The Family Court providently exercised its discretion in granting the mother's petition for child support. The Family Court properly determined each party's pro rata share of child support based on income below $80,000 (see Family Ct Act § 413[1][c]), declining to calculate the child support obligation based on the combined parental income in excess of $80,000, since the basic child support obligation derived by application of the statutory formula would not be unjust or inappropriate (see Family Ct Act § 413[1][f], [g]; Matter of Cassano v Cassano, 85 NY2d 649; Matter of Awwad v Awwad, 295 AD2d 603). The Family Court also providently exercised its discretion in determining that the father shall contribute 50% of the subject child's college education costs based on comparable expenses for a SUNY school (see Family Ct Act § 413[7]; Matter of Holliday v Holliday, 35 AD3d 468; Matter of McLoughlin v McLoughlin, 213 AD2d 650).
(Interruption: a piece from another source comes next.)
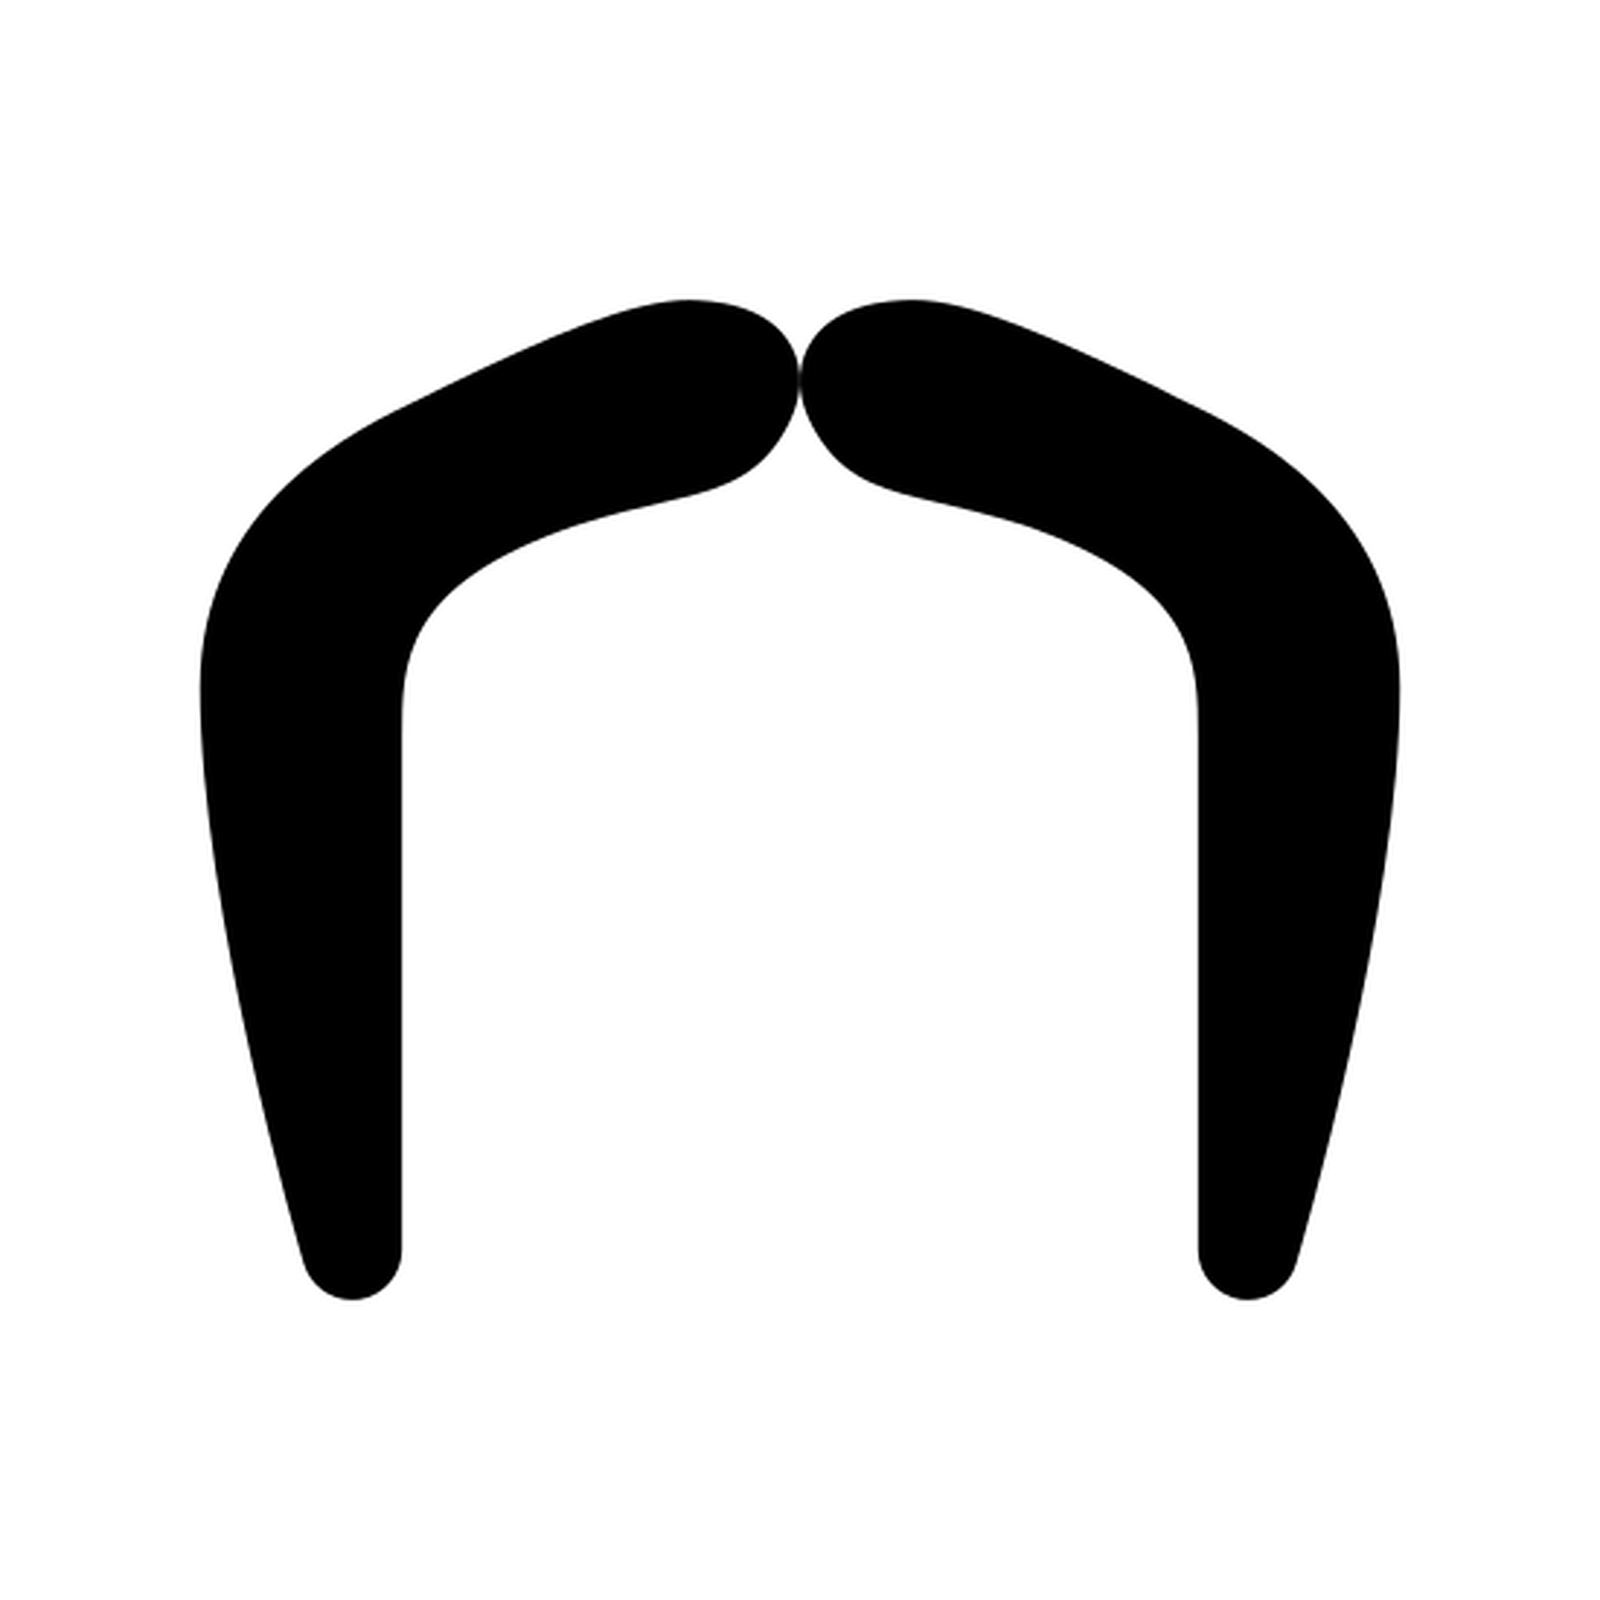 Fu Manchu Mustache icon

There is no support in the record for the father's contention that the Support Magistrate was biased against him. The parties had ample opportunity to present evidence at the hearing, and the Support Magistrate was in the best position to assess the credibility of the witnesses and the evidence proffered (see Matter of Donato v Donato, 43 AD3d 920).

The father's remaining contentions are either unpreserved for appellate review or based on matter dehors the record and not properly before us.

RIVERA, J.P., DILLON, COVELLO and McCARTHY, JJ., concur.